Classification of Complicated Urban Forest Acoustic Scenes with Deep Learning Models
Round 1
Reviewer 1 Report
The paper titled “Classification of complicated urban forest acoustic scenes with deep learning models” was reviewed. In general, the manuscript is very well-written, structured, and informative.
Comments to the authors:
I have only some minor comments on your work:
Overall, the title, abstract and the keywords correspond to the aims and objectives of the manuscript.
The introduction section is very well-prepared, structured and informative, and the aim of the research is clearly outlined and justified.
Line 45: The abbreviation “PAM” for passive acoustic monitoring, it has already been introduced in line 11 in Abstract. There is no need to repeat it.
Methods sections is clear, descriptive, and very well presented in the Materials and Methods sections is clear, descriptive and very well presented in the sufficient details.

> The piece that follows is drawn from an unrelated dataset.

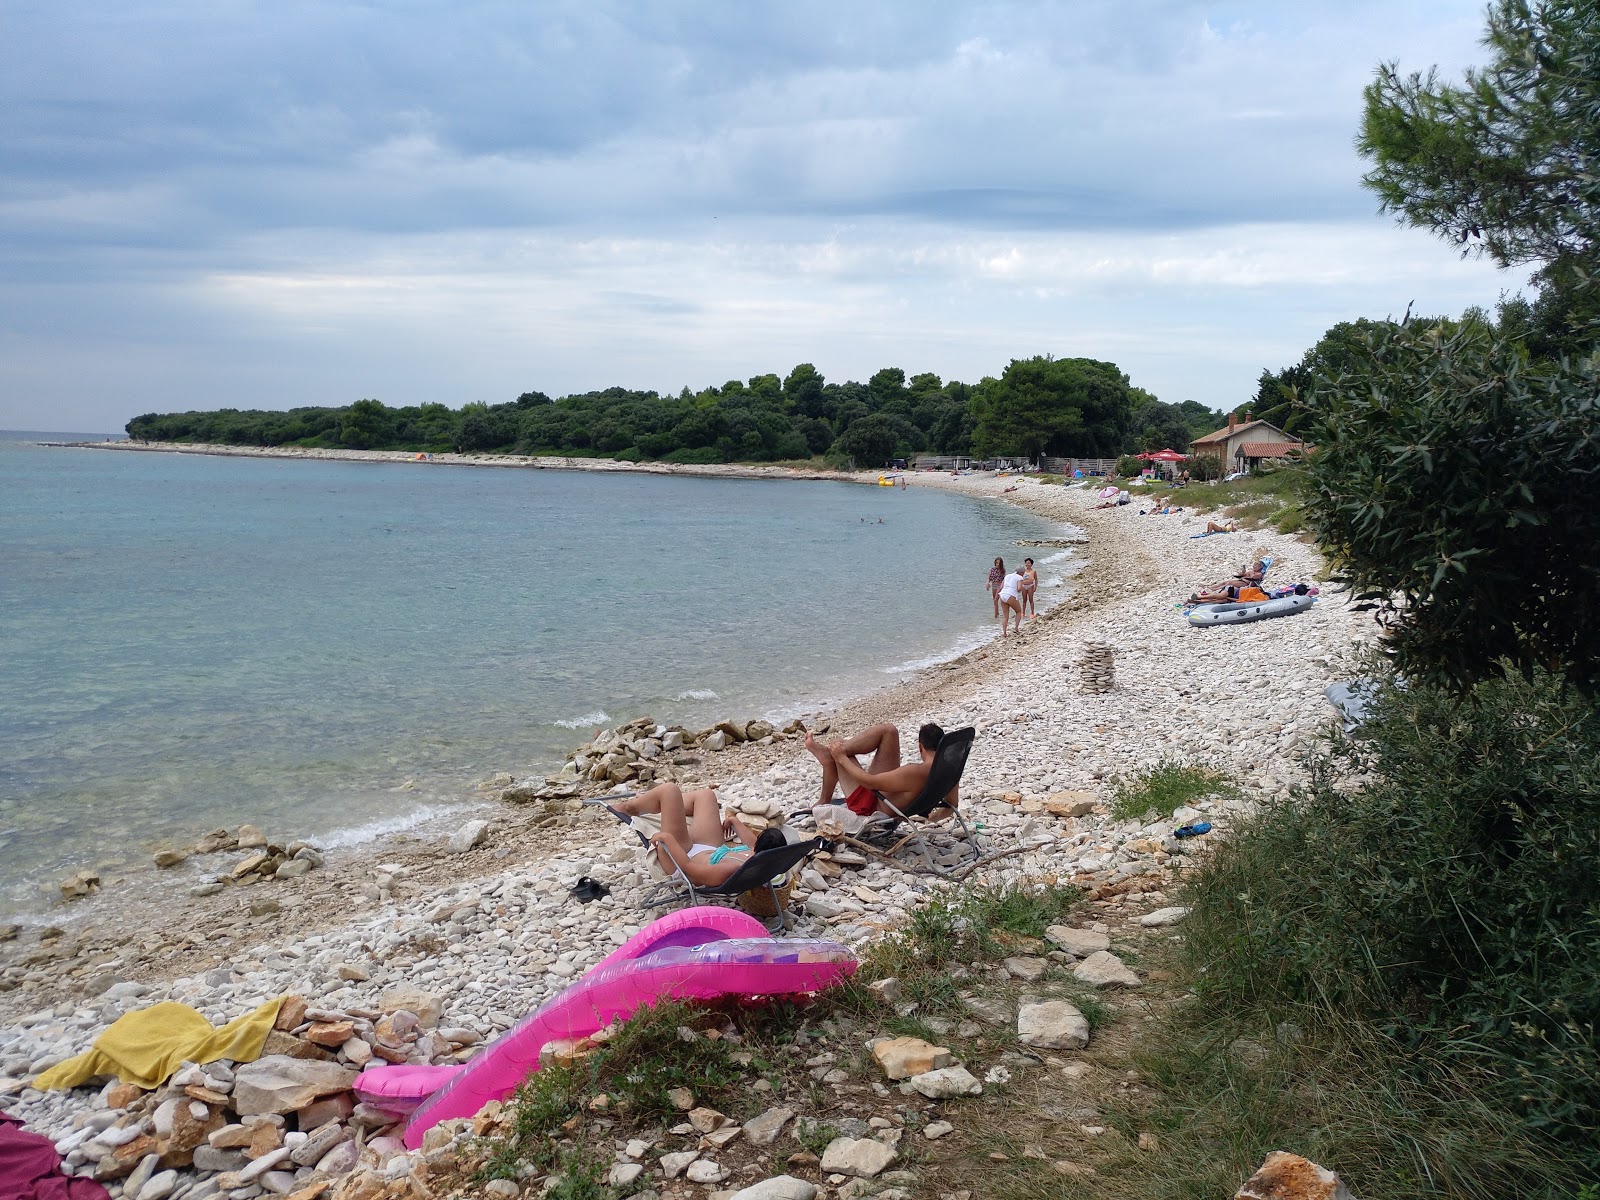 Photo de Meneghetti beach - endroit populaire parmi les connaisseurs de la détente
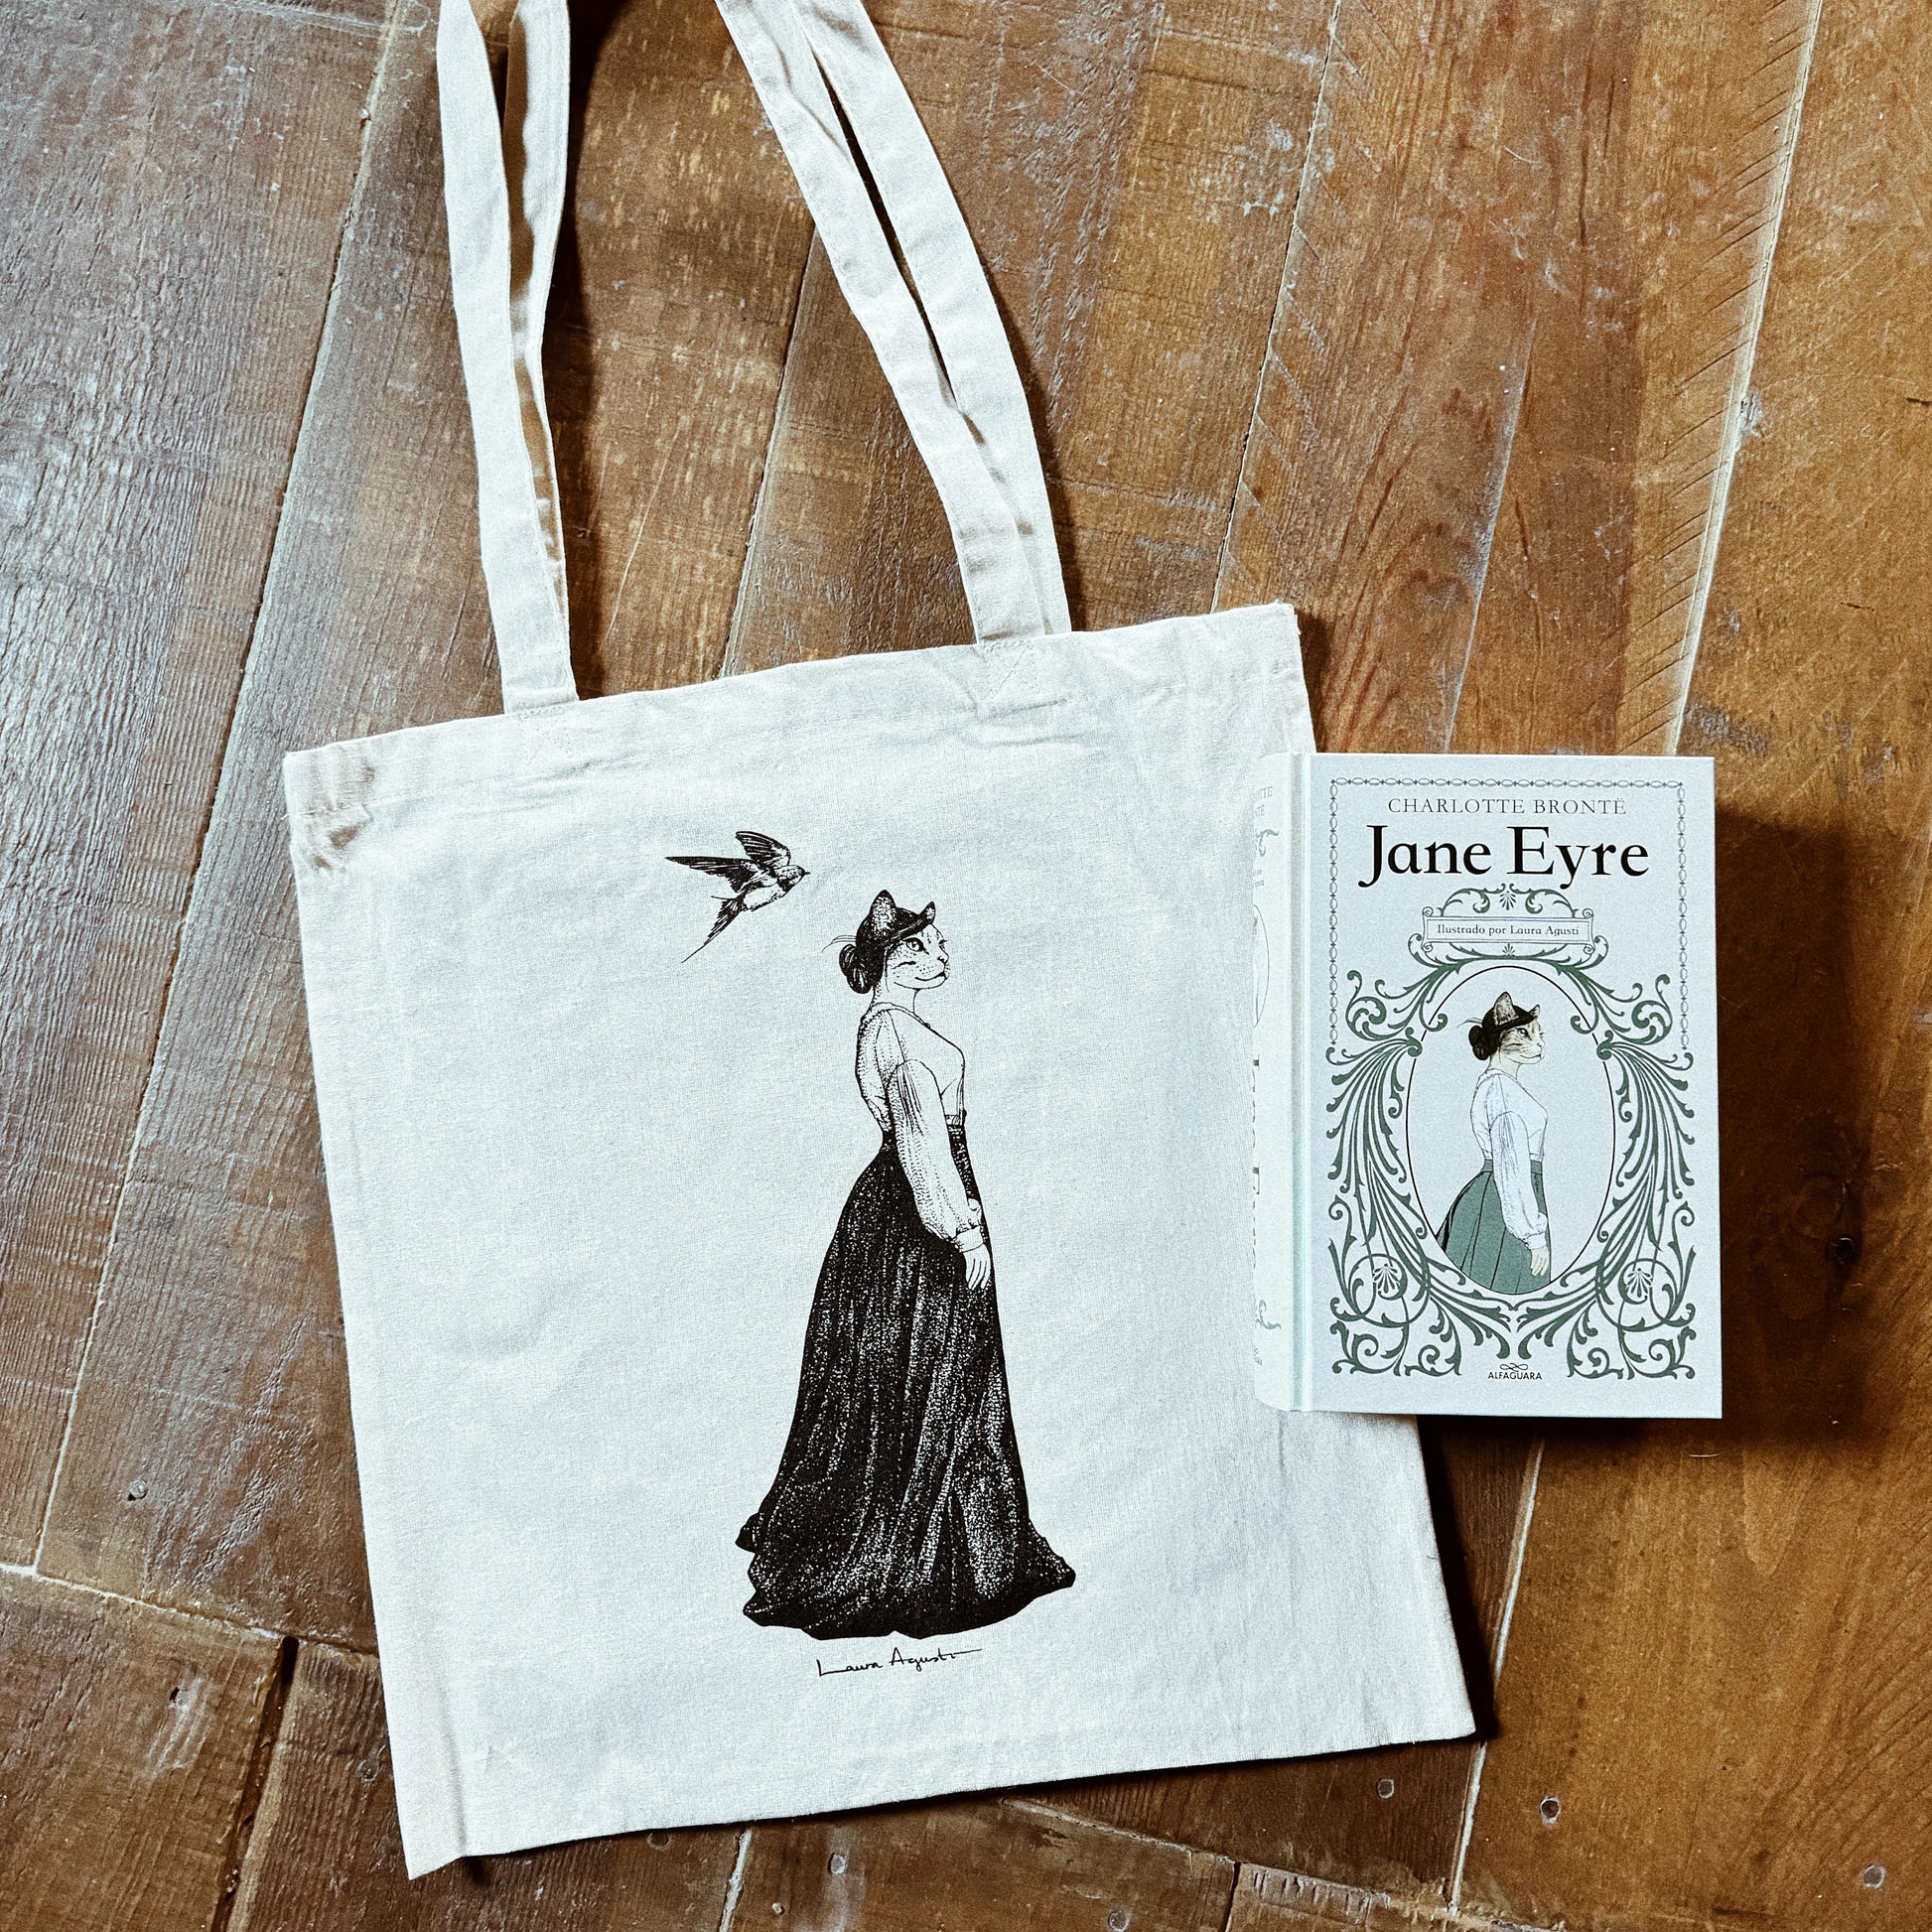 Bolsa de tela cruda con una mujer gata vestida de época y una golondrina sobrevolando su cabeza junto al libro Jane Eyre, de Charlotte Brontë ilustrado por Laura Agustí

Line 284: Specify, table number in text …” (the OA in the table represents the highest overall” ….
Line 301: Move the title of Table 3 to next page.
Line 307: Move text “3.3. Comparison of different models’ ability to predict new data“ to next page.
Line 348: Move text “4. Discussion” to next page.
The results obtained from the study are clearly presented, detailed, and properly discussed with relevant research works.
The reviewer recommends revising the conclusions. The second and third paragraphs are not a summary of the results but present the proposals of the authors' future activities.
The references cited are appropriate to the research topic.
This reviewed manuscript is very interesting and valuable.
Best regards,
Author Response
Comment 1: Line 45: The abbreviation “PAM” for passive acoustic monitoring, it has already been introduced in line 11 in Abstract. There is no need to repeat it.
Thank you for pointing this out. We have removed redundant descriptions in the revised manuscript.
Comment 2: Line 284: Specify, table number in text …” (the OA in the table represents the highest overall” ….
Thank you for highlighting this omission, which we have now corrected by adding the table number to the manuscript:’ (the OA in the Table 2 represents the highest overall accuracy obtained by the model up to the current training epoch)’. (Page 8 Lines 288-290)
Comment 3: Line 301: Move the title of Table 3 to next page.
Thank you for pointing this out. We have now adjusted the corresponding content layout. (Page 9 Lines 310-311)
Comment 4: Line 307: Move text “3.3. Comparison of different models’ ability to predict new data” to next page.
Thank you for pointing this out. We have now adjusted the corresponding content layout. (Page 10 Line 317)
Comment 5: Line 348: Move text “4. Discussion” to next page.
Thank you for pointing this out. We have now adjusted the corresponding content layout. (Page 12 Line 358)
Comment 6: The reviewer recommends revising the conclusions. The second and third paragraphs are not a summary of the results but present the proposals of the authors' future activities.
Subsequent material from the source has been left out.